Fight Club was widely panned upon release, and no wonder. This is one of the most subversive major studio films of all time, intelligently deconstructing modern film and the entertainment/distraction industry in general. Fight Club's heroes blow up the headquarters of credit card companies (!) in a decidedly unapologetic way...not really the message our Feudal Lords wish us to ponder while being entertained. Why not buy a copy on your Mastercard just for kicks, but whatever you do don't burn it for everyone you know just because the message of this film is more important than making money for the system this flick slams at every turn.

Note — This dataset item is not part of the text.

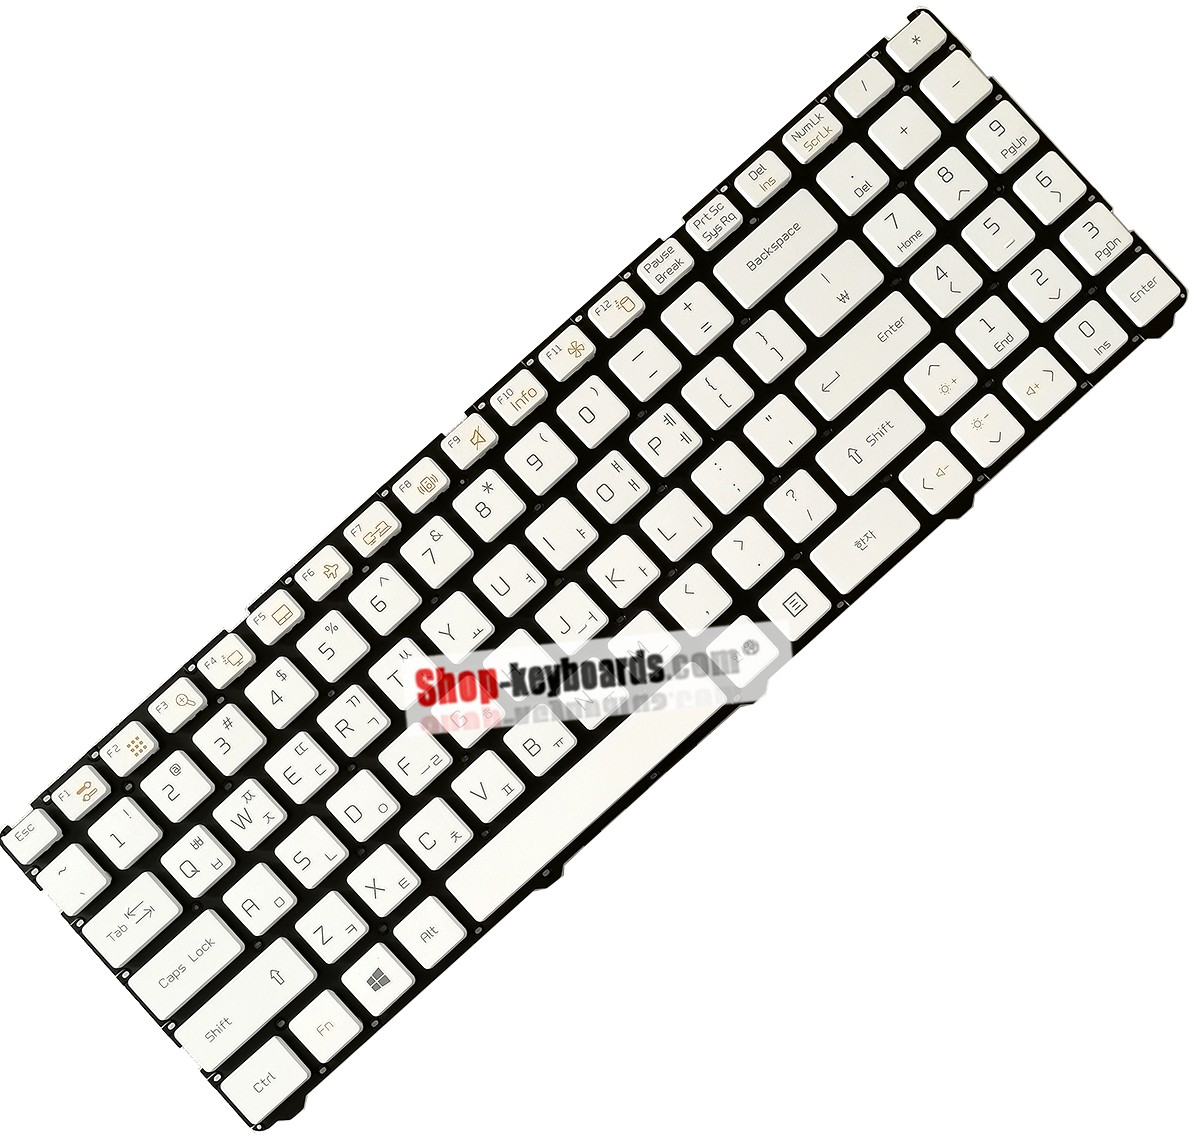 LG MP-12K73P0-9207 Keyboard replacement

So many hidden details, so much black humor (the Ikea lifestyle catalog scene is brilliant), three excellent lead performances, tremendous writing (Palahniuk must have been thrilled with the adaptation), a wild score, state of the art editing, sets, and direction, and so much more.
But, and this can not be overstated, you absolutely have to see it twice; the second viewing is a completely different animal, and will make you realize how thoroughly manipulated we are by modern culture, no matter how above and beyond it we think we may be.
For a culture constantly and adoringly staring up its own ahole, Fight Club is a satisfyingly violent enema.